Based on some of our recent research and learnings, here are some of the most common use cases of Artificial Intelligence and Machine Learning techniques used in finance. This link is a good introduction of machine learning. This article is good read for both technical and non technical people.
1. FRAUD DETECTION AND PREVENTION
Fraud detection is topic that is applicable to many industries like Banking, Finance, Insurance, Government policies etc. Recent rise in digitization fraud is becoming the major problem that finance and banking institutions faces. But these frauds are really small compared to the non-fraud cases, that is why detecting fraud from a massive amount of online transaction data is not something that humans can do easily.

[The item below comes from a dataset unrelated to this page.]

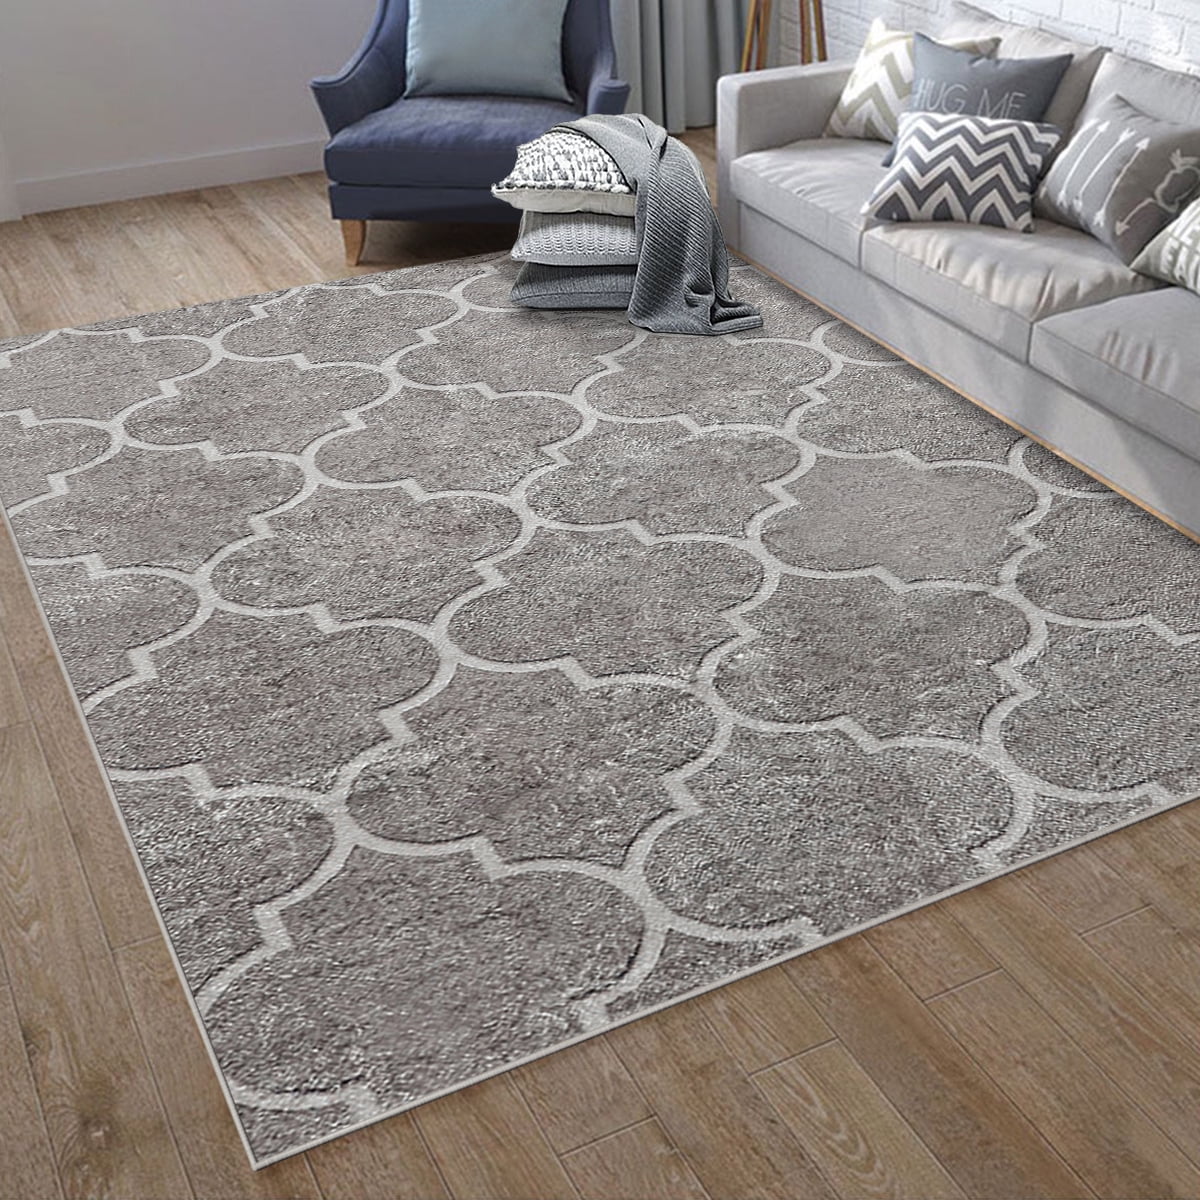 Snailhome Soft Large Area Rugs, Foldable Baby & Pet Friendly Non-Slip  Carpet Floor Mat Decor for Bedroom Living Room Indoor Home(Size: 4 x 5.9  ft, 5.2 x 7.5 ft, 6.6 x 9.5 ft) - Walmart.com

In traditional approach, logical statements and summation of weights were used to assign a fraud index to any particular payment methodology. For example,
If a vendor is 6 months old, add 5 points. If 12 months old, add 2 points.
If transaction amount is twice the last year, add 4 points. If thrice the last year, add 6 points.
Similar rules for size of transactions, mode of payments etc.
These scores are finally summed up and magnitude of score determines the risk score. As we can see, although this method works but generates lot of false positives for new upcoming legit vendors and false negatives if any big company do fraud once in awhile.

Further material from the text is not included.